The FLAME library is now installed.

5.1.1.1.4. OSX:Install Elemental

### Here is a recommended installation scheme for Elemental: ###

Choose a directory for the root of the Elemental installation. For example, this may be:

/usr/local/elemental

Download one of the SmallK-supported releases of Elemental, unzip and untar the distribution, and cd to the top-level directory of the unzipped distribution. This directory will be denoted by UNZIP_DIR in the following instructions.

We now recommend using Elemental 0.85 or later. Earlier versions will no longer be supported.

5.1.1.1.4.1. HybridRelease Build

From the Elemental-0.85 directory, run the following command to create a local build directory for the HybridRelease build:

mkdir build_hybrid
cd build_hybrid

Use the following CMake command for the HybridRelease build, substituting 0.85 for <VERSION_STRING>:

cmake -D CMAKE_INSTALL_PREFIX=/usr/local/elemental/<VERSION_STRING>/HybridRelease
-D CMAKE_BUILD_TYPE=HybridRelease
-D CMAKE_CXX_COMPILER=/usr/local/bin/g++-7
-D CMAKE_C_COMPILER=/usr/local/bin/gcc-7
-D CMAKE_Fortran_COMPILER=/usr/local/bin/gfortran-7
-D MATH_LIBS="/usr/local/flame/lib/libflame.a;-framework Accelerate"
-D ELEM_EXAMPLES=ON -D ELEM_TESTS=ON  ..

Note that we have installed g++-7 into /usr/local/bin and libFLAME into /usr/local/flame. Alter these paths, if necessary, to match the installation location on your system.

Once the CMake configuration step completes, you can build Elemental from the generated Makefiles with the following command:

make -j4

The -j4 option tells Make to use four processes to perform the build. This number can be increased if you have a more capable system.

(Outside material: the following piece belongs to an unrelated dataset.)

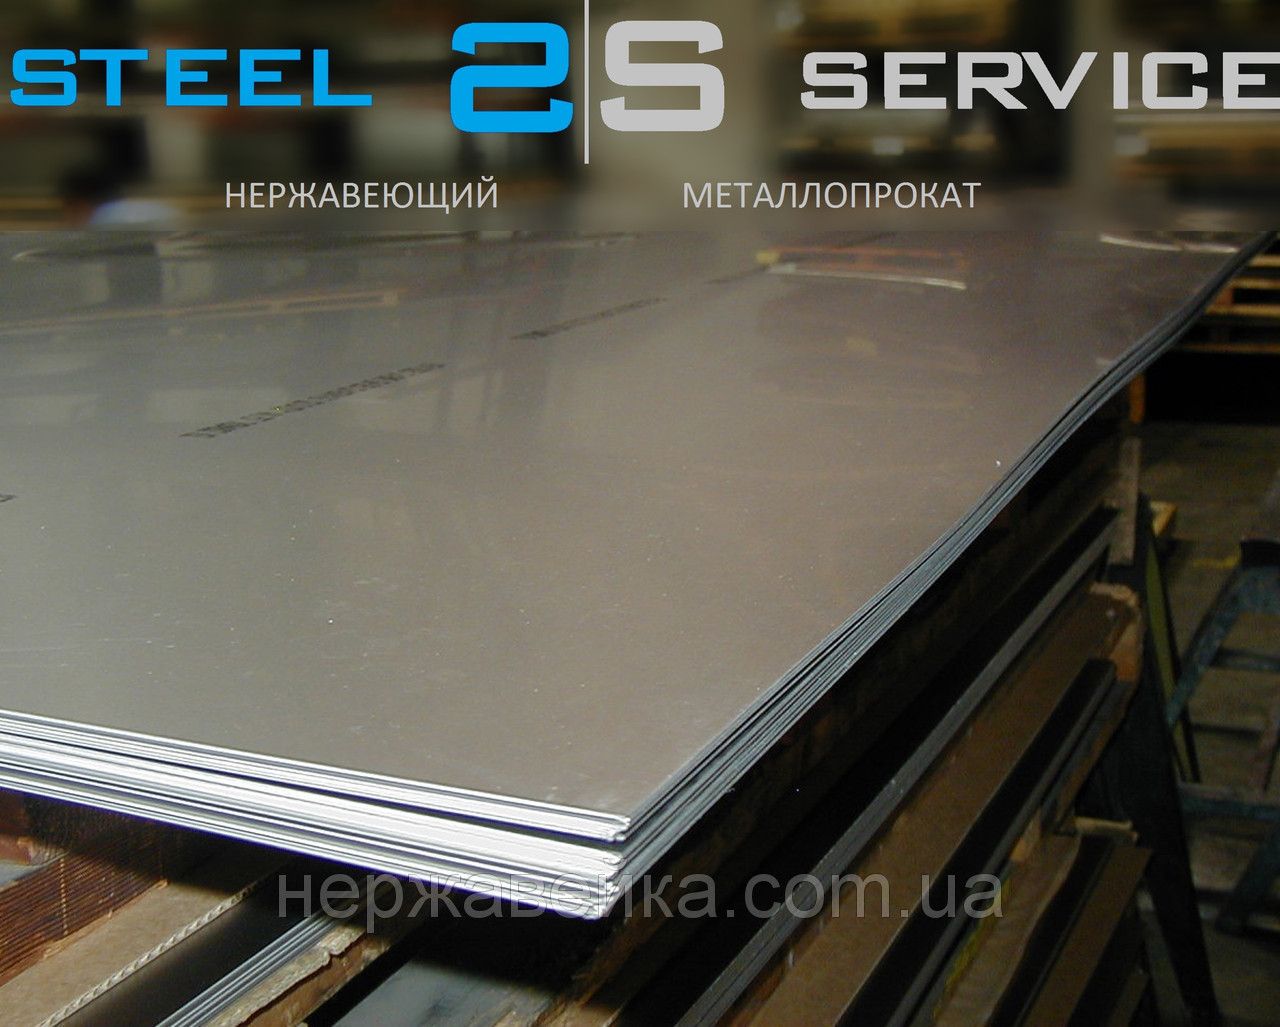 Нержавеющий лист 3х1250х2500мм  AISI 304(08Х18Н10) 4N - шлифованный,  пищевой

After the build completes, install elemental as follows:

make install

For Elemental version 0.85 and later, you need to setup your system to find the Elemental dynamic libraries. Method 2 below is preferred:

  1. If your Mac OSX is earlier than Sierra, then, in your startup script (~/.bash_profile) or in a terminal window, enter the following command on a single line, replacing VERSION_STRING as above:
export DYLD_LIBRARY_PATH=
        $DYLD_LIBRARY_PATH:/usr/local/elemental/VERSION_STRING/HybridRelease/lib/
  1. If your Mac OSX is Sierra or higher Apple’s System Integrity Protection (SIP) will prevent using the DYLD_LIBRARY_PATH variable. We highly discourage disabling SIP as a workaround. Instead, in your startup script (~/.bash_profile) or in a terminal window, enter the following command on a single line, replacing VERSION_STRING as above:
ln -s /usr/local/elemental/<VERSION_STRING>/HybridRelease/lib/*.dylib* /usr/local/lib

This will symlink the required Elemental libraries.

5.1.1.1.4.2. PureRelease Build

Run these commands to create a build directory for the PureRelease build:

cd ..
mkdir build_pure
cd build_pure

Then repeat the CMake configuration process, this time with the following command for the PureRelease build:

cmake -D CMAKE_INSTALL_PREFIX=/usr/local/elemental/<VERSION_STRING>/PureRelease
-D CMAKE_BUILD_TYPE=PureRelease -D CMAKE_CXX_COMPILER=/usr/local/bin/g++-7
-D CMAKE_C_COMPILER=/usr/local/bin/gcc-7
-D CMAKE_Fortran_COMPILER=/usr/local/bin/gfortran-7
-D MATH_LIBS="/usr/local/flame/lib/libflame.a;-framework Accelerate"
-D ELEM_EXAMPLES=ON -D ELEM_TESTS=ON ..

Repeat the build commands and install this build of Elemental.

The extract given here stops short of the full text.